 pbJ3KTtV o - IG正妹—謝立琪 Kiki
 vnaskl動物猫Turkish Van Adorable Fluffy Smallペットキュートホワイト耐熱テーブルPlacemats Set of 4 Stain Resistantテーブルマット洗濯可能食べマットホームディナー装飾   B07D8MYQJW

----------

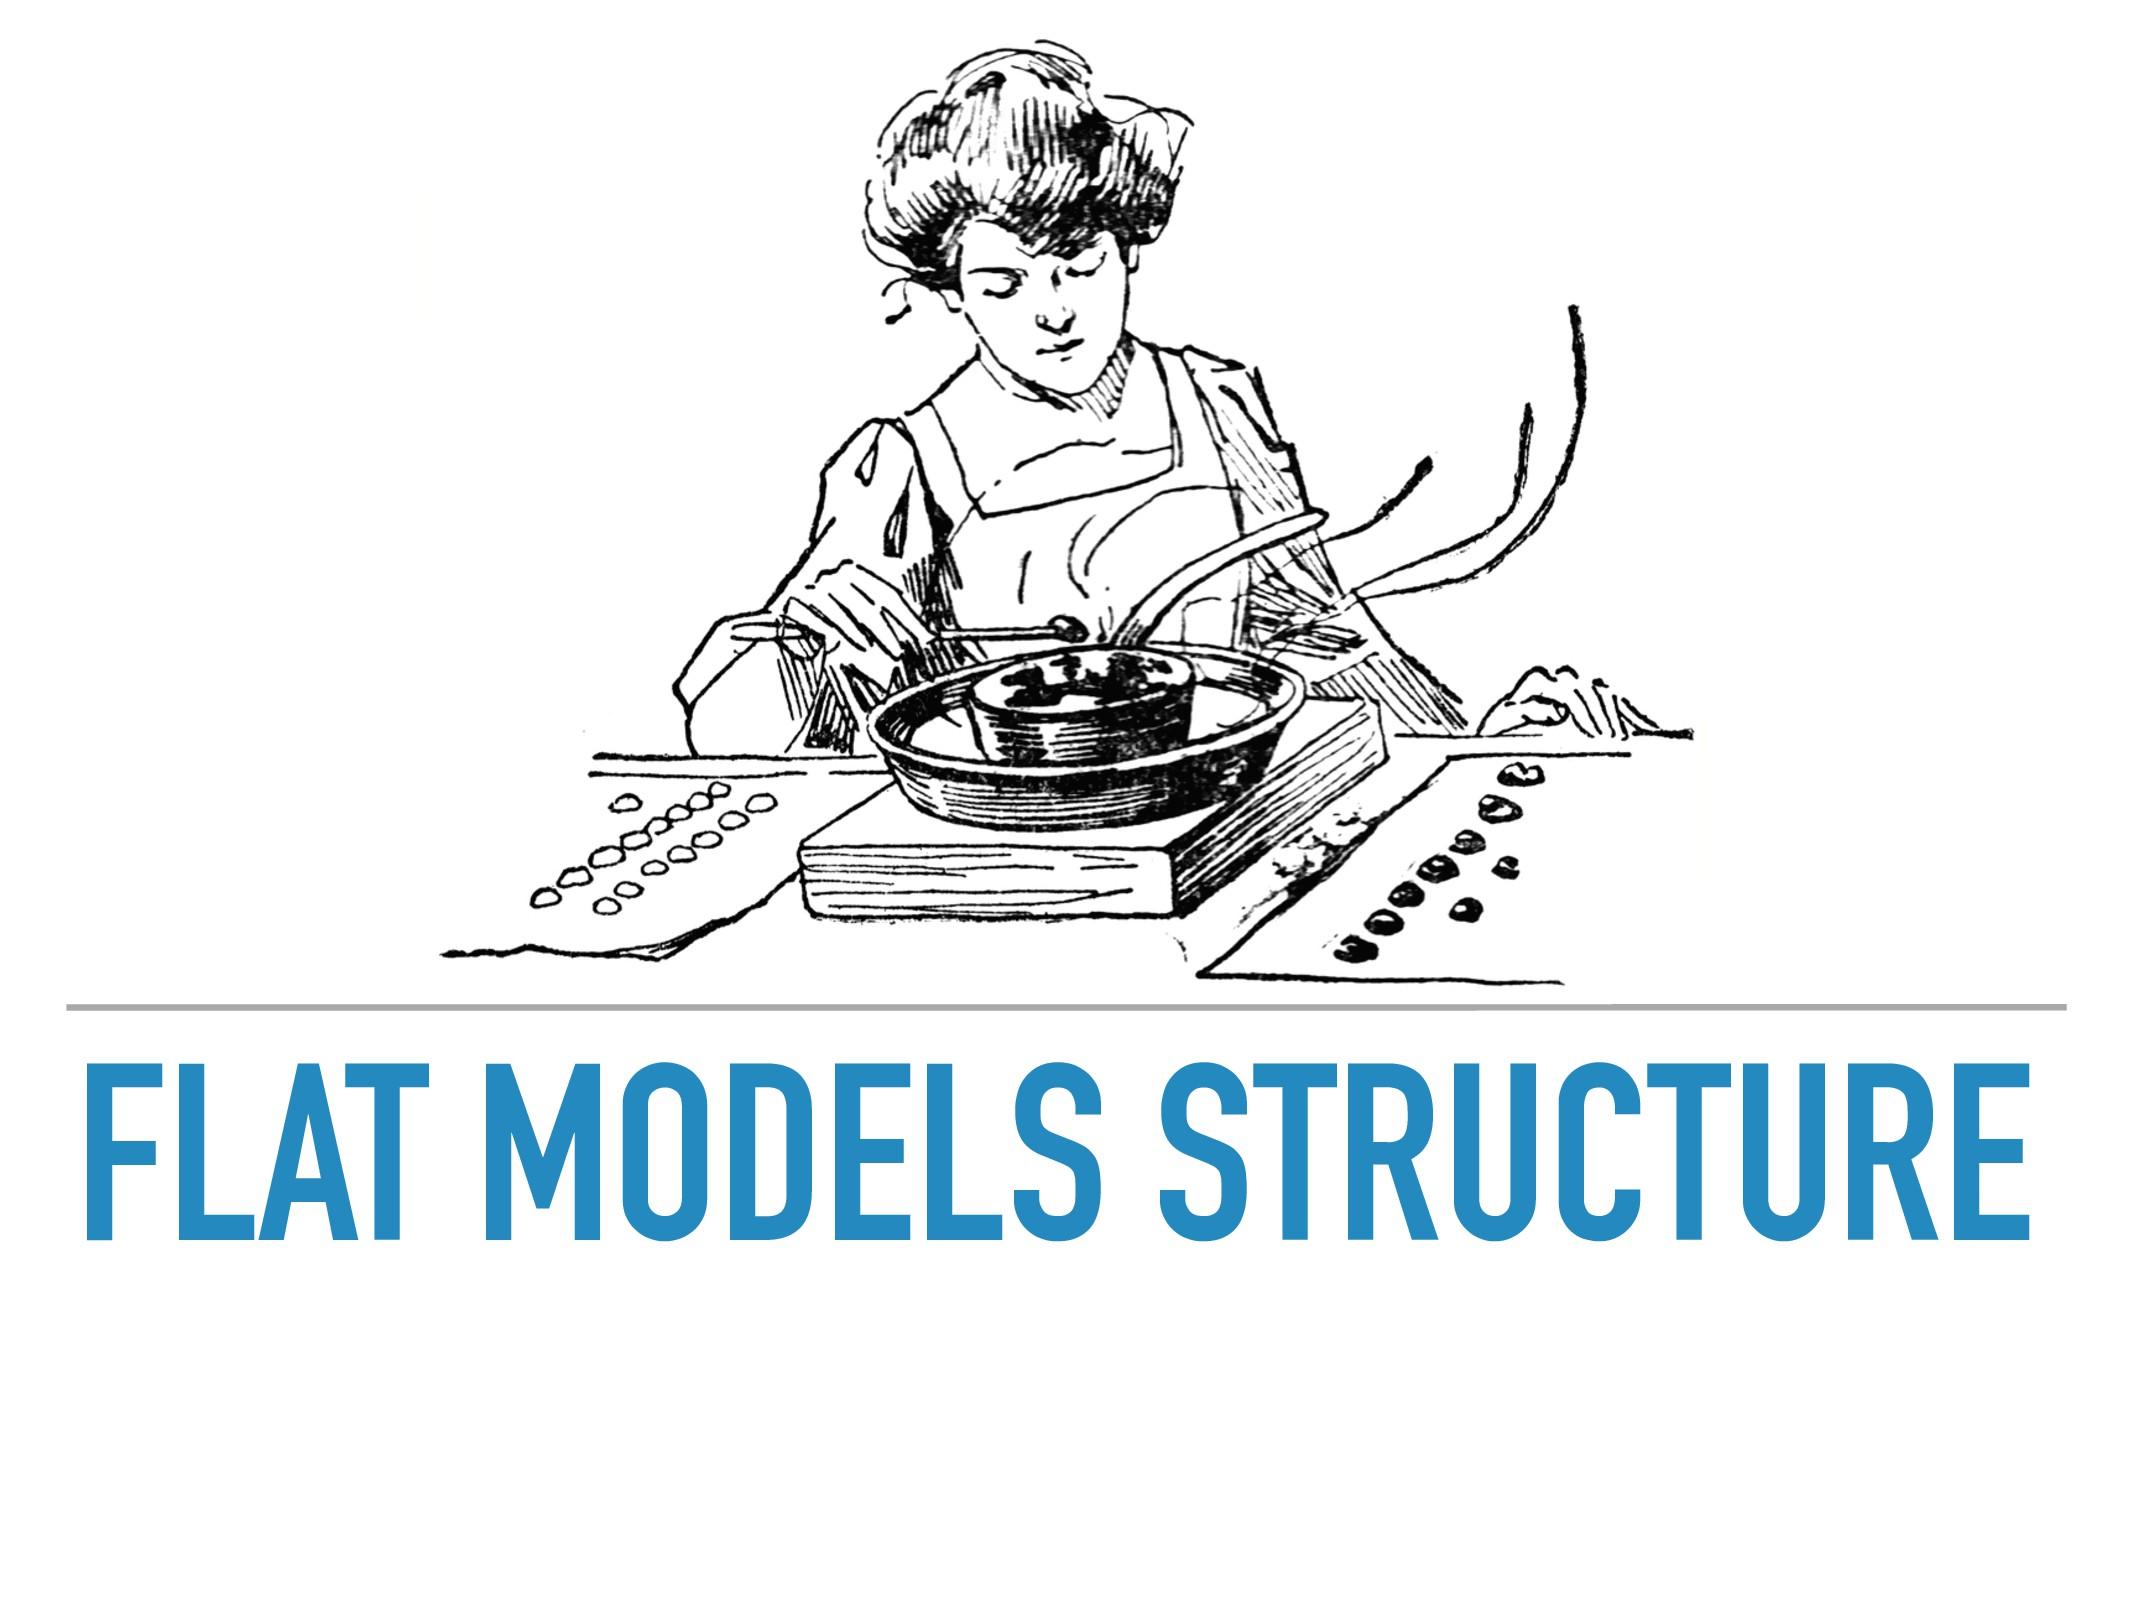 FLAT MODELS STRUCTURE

----------

Your task for the entries above: copy exactly the span starting with the line with "pbJ3KTtV o - IG正妹—謝立琪 Kiki" and going on through the line with "vnaskl動物猫Turkish Van Adorable", both lines included, and nothing else.

[Answer for the task]
 pbJ3KTtV o - IG正妹—謝立琪 Kiki
 vnaskl動物猫Turkish Van Adorable Fluffy Smallペットキュートホワイト耐熱テーブルPlacemats Set of 4 Stain Resistantテーブルマット洗濯可能食べマットホームディナー装飾   B07D8MYQJW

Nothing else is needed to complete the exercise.